*** Block opens ***

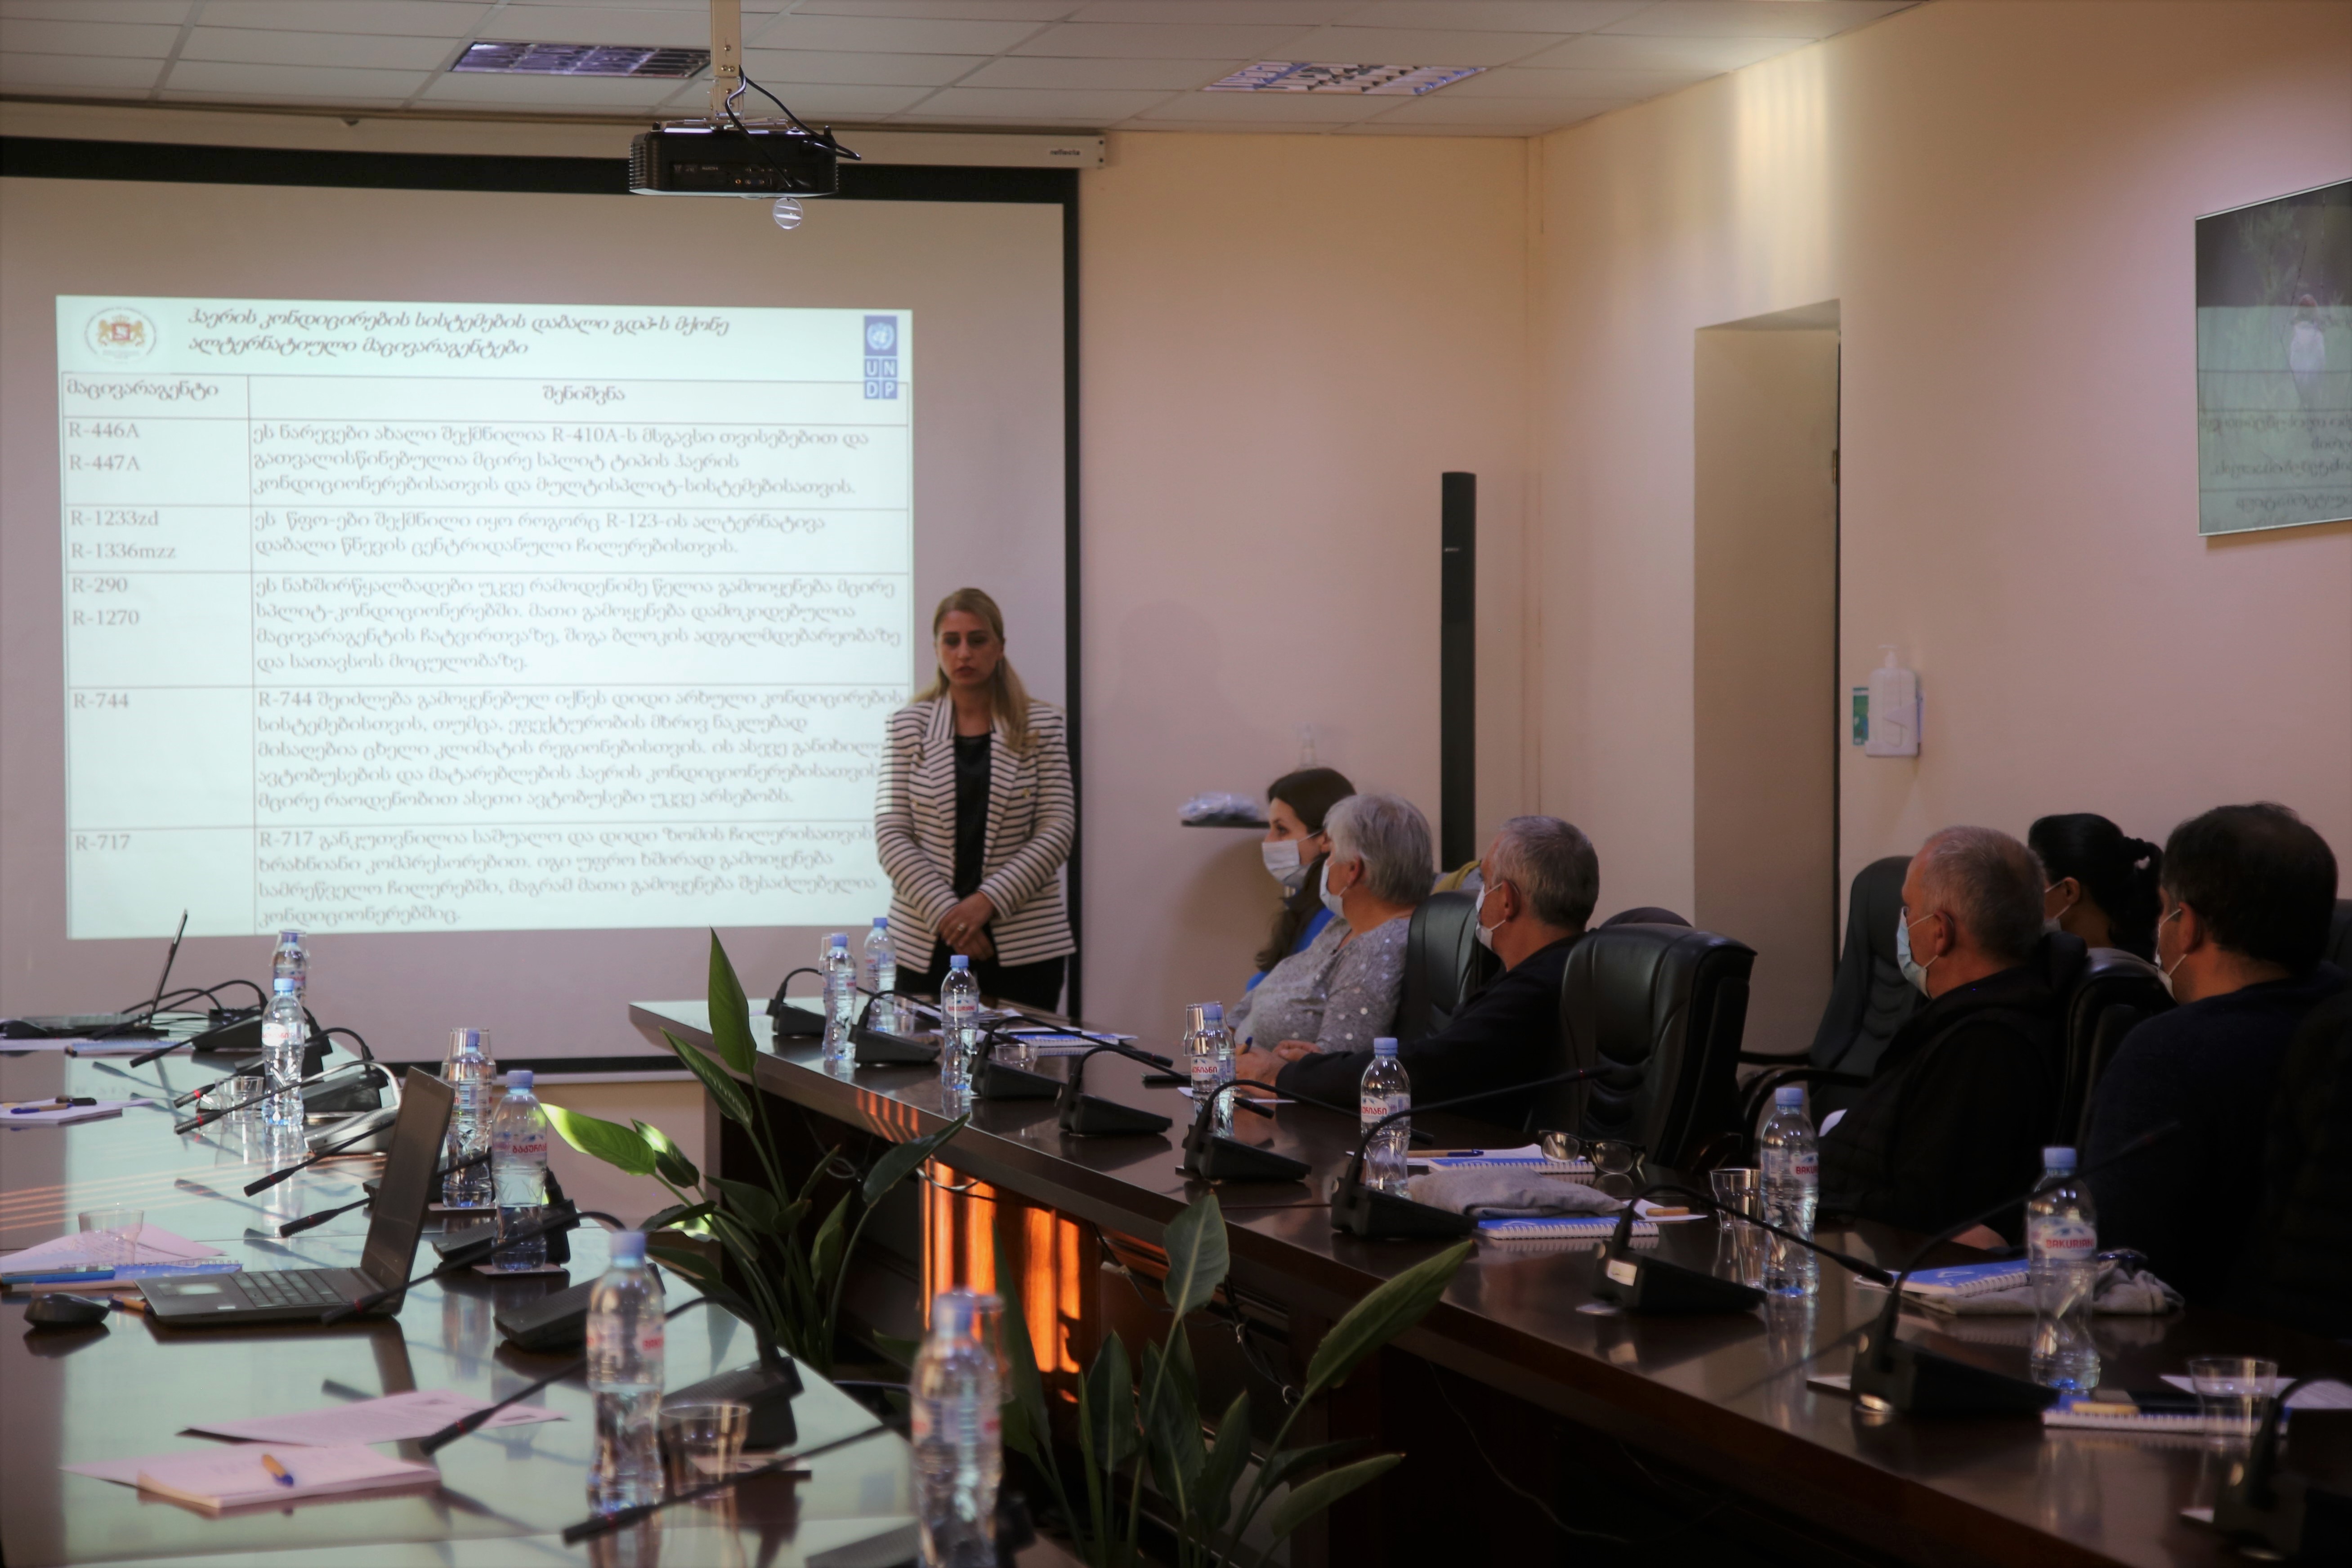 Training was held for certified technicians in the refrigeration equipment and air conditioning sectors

*** Block closes ***
*** Block opens ***

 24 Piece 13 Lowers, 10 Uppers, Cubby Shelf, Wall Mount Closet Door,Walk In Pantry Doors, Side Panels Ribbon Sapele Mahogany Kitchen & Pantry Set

*** Block closes ***
*** Block opens ***

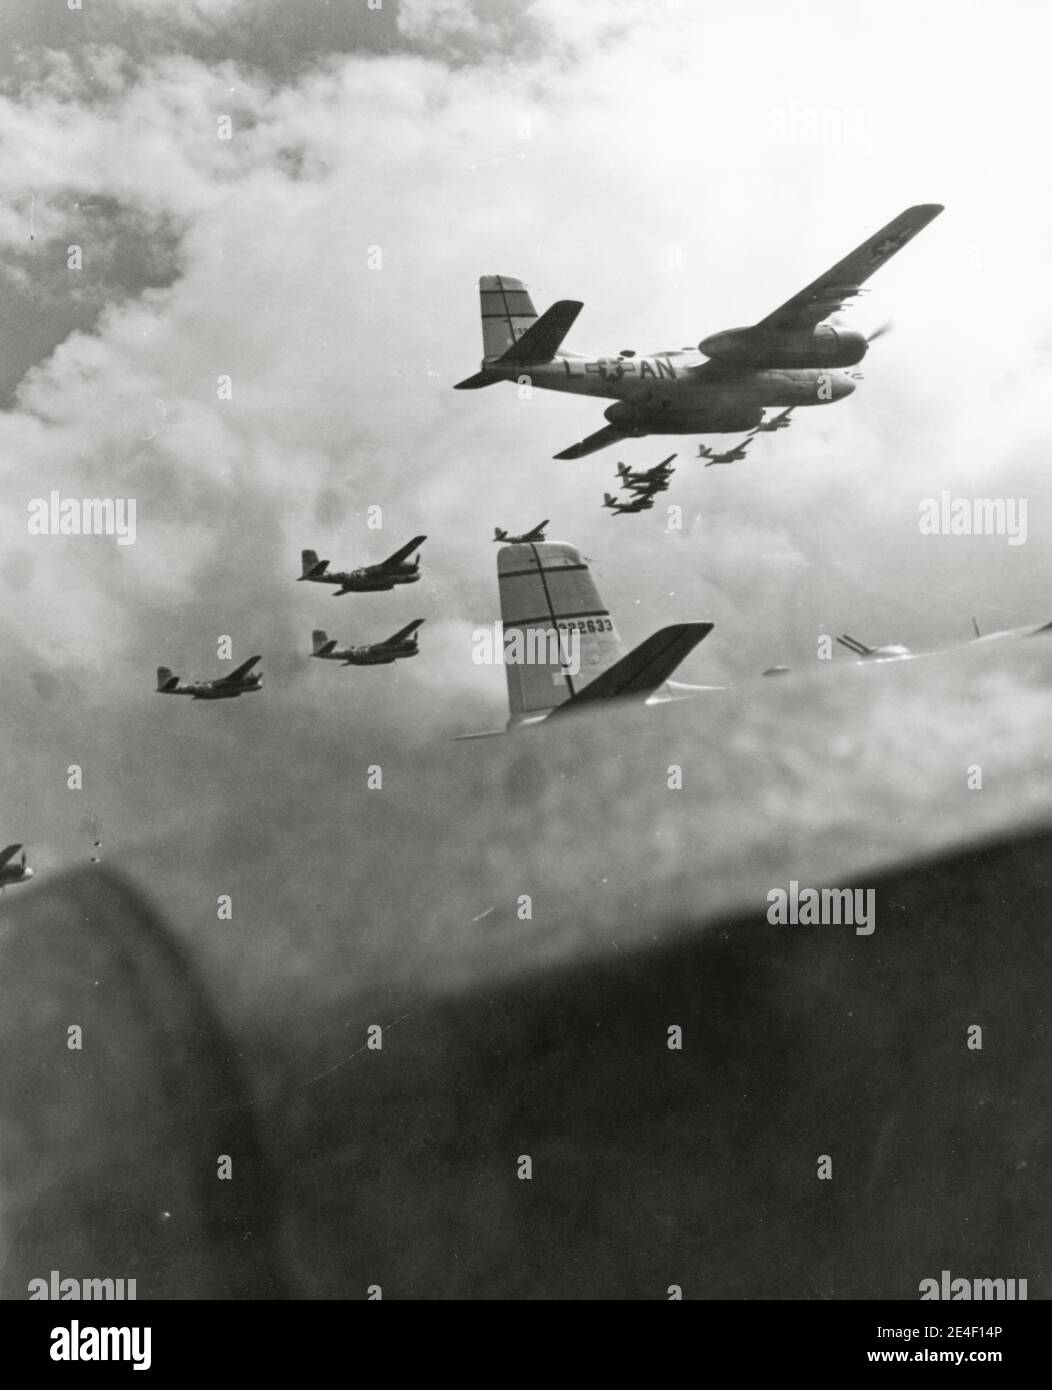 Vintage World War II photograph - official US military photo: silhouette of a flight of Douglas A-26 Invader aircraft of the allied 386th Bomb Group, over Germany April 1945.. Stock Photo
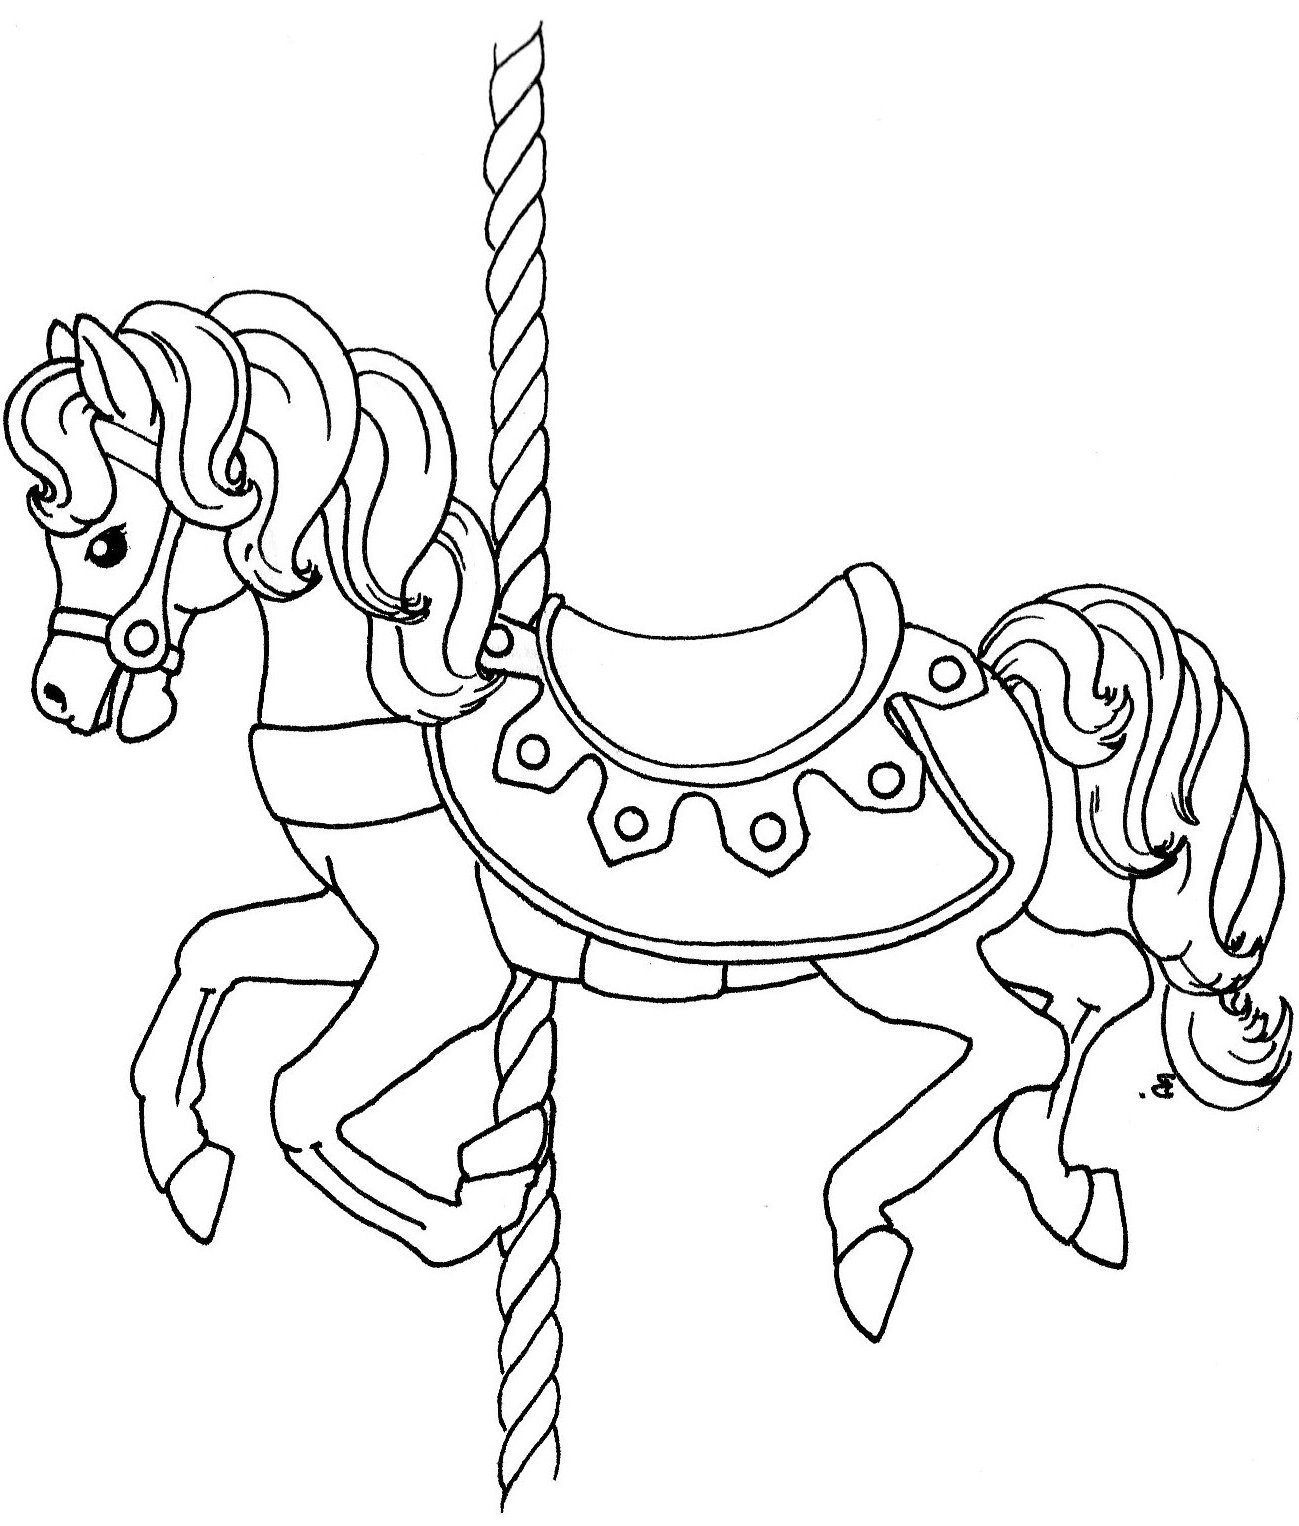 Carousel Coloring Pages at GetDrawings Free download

*** Block closes ***

*Description of the task*
Working from the data above, repeat exactly, and only, the lines that begin at the line containing "Vintage World War" and stop after the line containing "Carousel Coloring Pages"; pictures are not copied.

*Answer to the problem*
 Vintage World War II photograph - official US military photo: silhouette of a flight of Douglas A-26 Invader aircraft of the allied 386th Bomb Group, over Germany April 1945.. Stock Photo
 Carousel Coloring Pages at GetDrawings Free download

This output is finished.